# Milling "firewood" walnut



## Daren (Oct 14, 2006)

I have this pile of oddball logs guys drop off (firewood cutters). Not really sawlogs per say, too much sapwood for my liking-small-crooked. But every once in awhile I tear into it and mill out live edge slabs. That is what I did today (between interruptions and milling more boring oak).
The picture with several pieces is stuff I milled a couple days ago.


----------



## Daren (Oct 14, 2006)

Daren said:


> ( and milling more boring oak).


Example:


----------



## JDavis21835 (Mar 2, 2009)

Not to Hijack this thread, but a few questions. You mention sapwood. I have access to some ash. Most of it could be 8-12 inch wide boards, using from bark to bark. Is that even possible for good lumber? Most of it is straight for up to 9 feet. Maybe something to cut and save for the future? If so, should i get the bark off?

Again, great looking lumber. If you hate oak that much, ill arrange a truck and trailer to pick up all the oak you saw. Of course, I would do all of this at no cost to you.


----------



## Daren (Oct 14, 2006)

JDavis21835 said:


> You mention sapwood. I have access to some ash.
> 
> Most of it could be 8-12 inch wide boards, using from bark to bark. Is that even possible for good lumber?
> 
> Most of it is straight for up to 9 feet. Maybe something to cut and save for the future? If so, should i get the bark off?


Sapwood is not a "problem" with ash like it is in walnut as far as grading/use.

Heck yea.

Not sure what you mean there. Cut some logs ? You really can't save them for later once they are cut. Or lumber ? Again, heck yea. BIG point here with the bark. The Emerald Ash Borer lives in the bark/sap...if these are standing dead trees you are talking about this wood should be processed and the bark/sap burned. The EAB is a big problem.


----------



## Julian the woodnut (Nov 5, 2008)

Nice looking stuff there, Daren. I just milled up some apple, and spalted birch today that was destined to be firewood. 

There sure are plenty of treasures to be found in the burn pile..


----------



## JDavis21835 (Mar 2, 2009)

Fully aware of the EAB issue. These are standing live trees. To be cleared off of an acre and a half lot that habitat is going to use for a restore and warehouse. What i meant is, if i cut the logs, do i need to saw them into lumber right away, or will the dry down decently until i have a saw to cut them. Currently only have access to chainsaw that does not have enough power to cut these into lumber. Understanding the EAB issue, I may be farther ahead to just take them to a local mill, if they are willing to cut anything this small. Most around here want to cut cants, or railroad ties.


----------



## Daren (Oct 14, 2006)

JDavis21835 said:


> What i meant is, if i cut the logs, do i need to saw them into lumber right away, or will the dry down decently until i have a saw to cut them.

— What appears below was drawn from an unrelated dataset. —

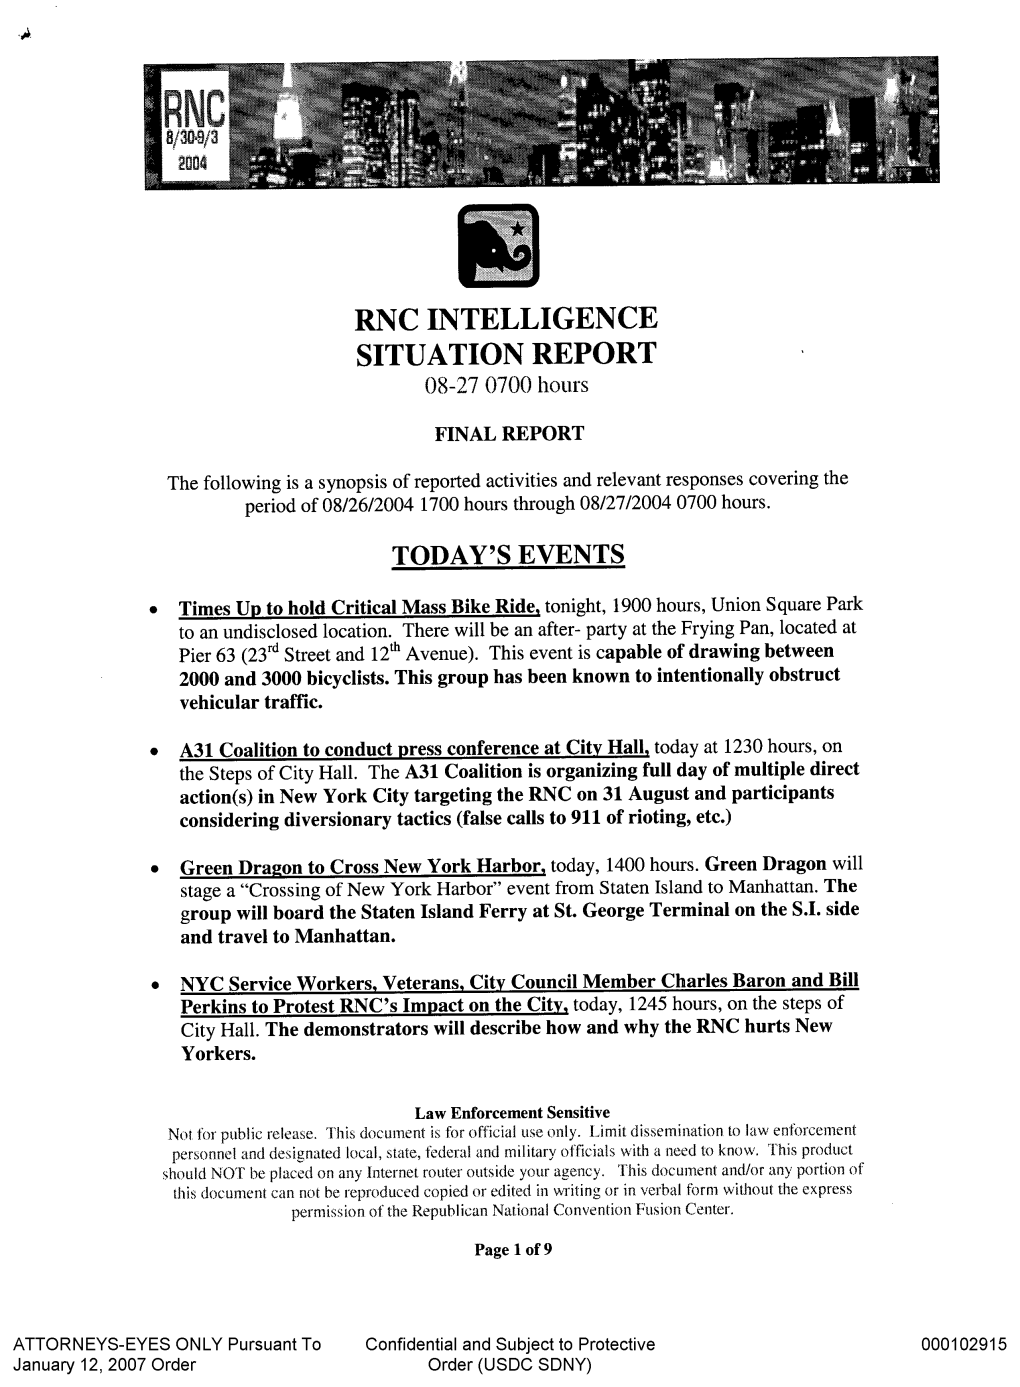 RNC INTELLIGENCE SITUATION REPORT 08-27 0700 Hours

The best thing to do is mill lumber asap. Ash is not going to degrade terribly fast, but it will eventually. Letting a log lay has no benefit, they don't "cure" or "dry" or "season" (some terms I have heard misused)...they rot simple as that. They rot and the bugs eat them.


----------



## TexasTimbers (Oct 17, 2006)

Nice looking goodies Daren. As you know I love the wide sap in Walnut; in most dark species actually. 

Davis, not to counter what Daren is saying about Ash, but I have had a different experience, I guess it depends on climate etc. I cannot let Ash lay here where I live it will degrade fast. The borers turn it into swiss cheese and the bark gets loose but will not fall off, which is worse than if it would because it traps even more moisture. 

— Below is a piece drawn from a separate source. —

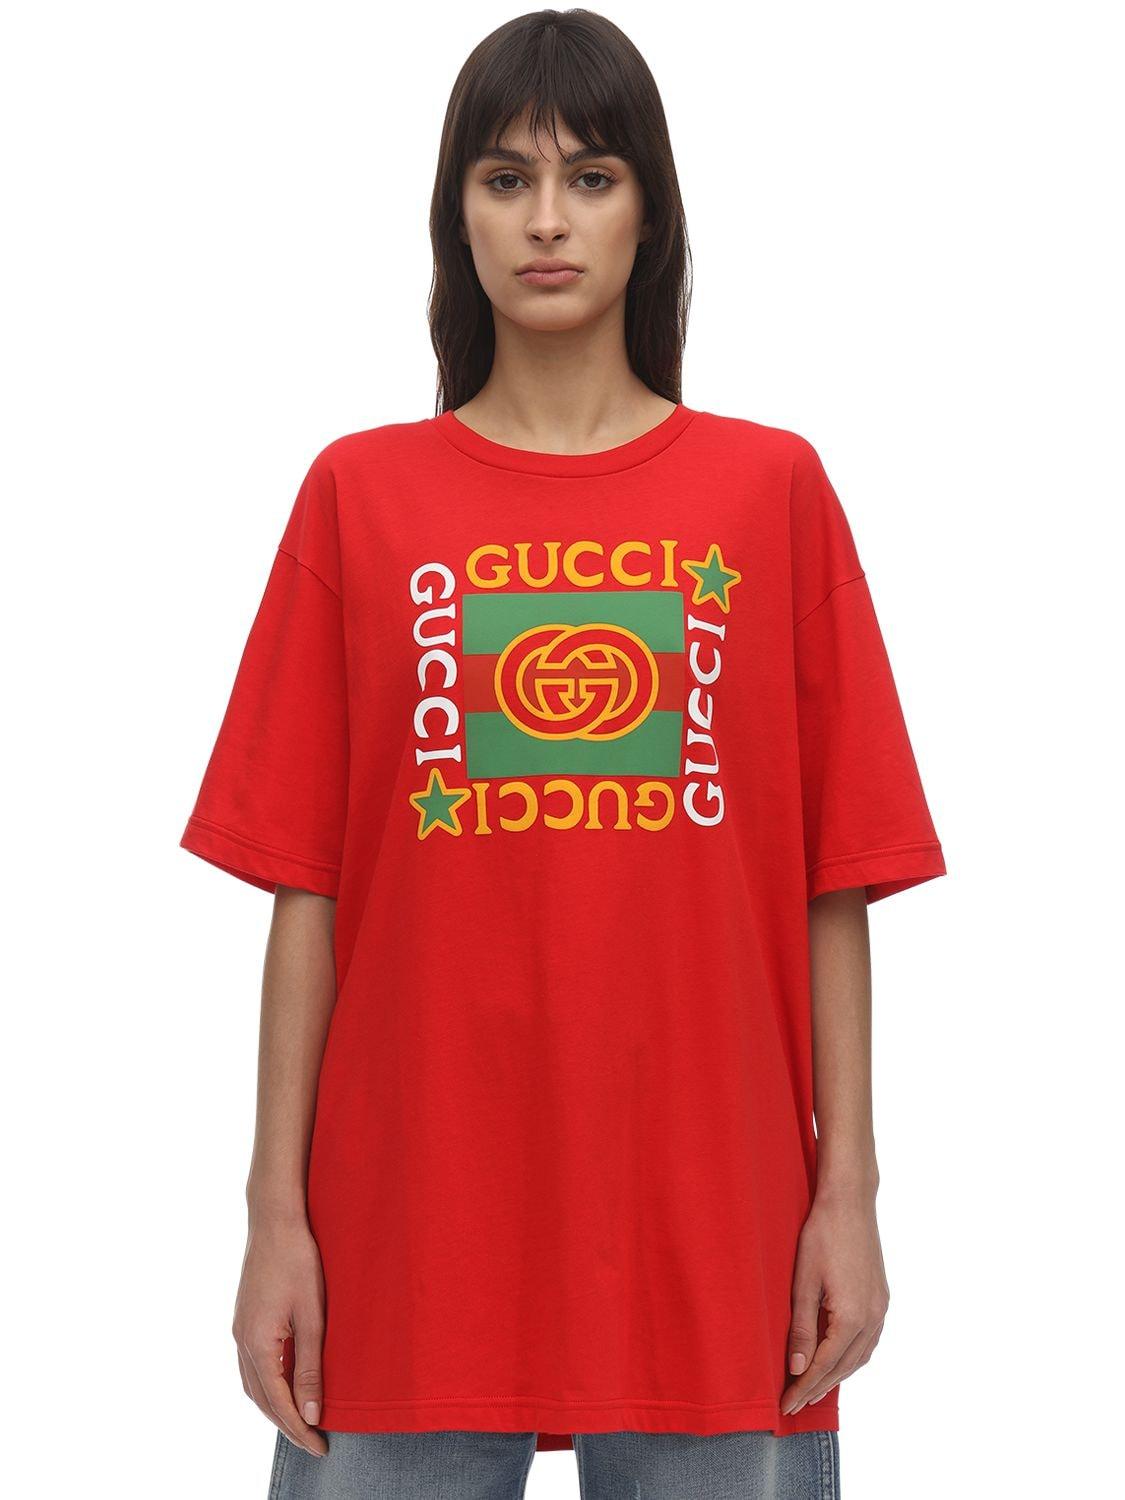 Gucci Star Logo T Shirt in Red - Save 42% - Lyst

I don't know where you live but if it's high humidity and heat my experience with Ash logs laying around is not good. Get 'em milled asap like Daren said. 

Don't know where you live but


----------



## Oscar (Jun 7, 2008)

Very nice stuff Daren :thumbsup: You have a definte advantage with your mill when in comes to milling "shorts" as being able to use the ground, as in being on or close can be a distinct advantage. As well as having manual operation of the cutting head. Truth is in retrospect wish I'd bought a different mill, similar to yours. The one I'd first seriously considered, is a ground/skid based mill that offeres nearly unlimited length of log and allows the user to do as you have shown in past posts. In any case you consistently show some gorgeous work Daren and I know from my gaining of experience that you've been at it a while:yes:


----------



## Daren (Oct 14, 2006)

I threw another chunk on today. 6/4" x 24" wide future tables/bar tops/benches...I used to practically never just flitch saw when I first started milling , always grade saw. I am getting a little more into the flitches now adays.


----------



## TexasTimbers (Oct 17, 2006)

flitch and boule has always been my favorite. I've got a small village of boules lying about now. Nice looking black 'nut.


----------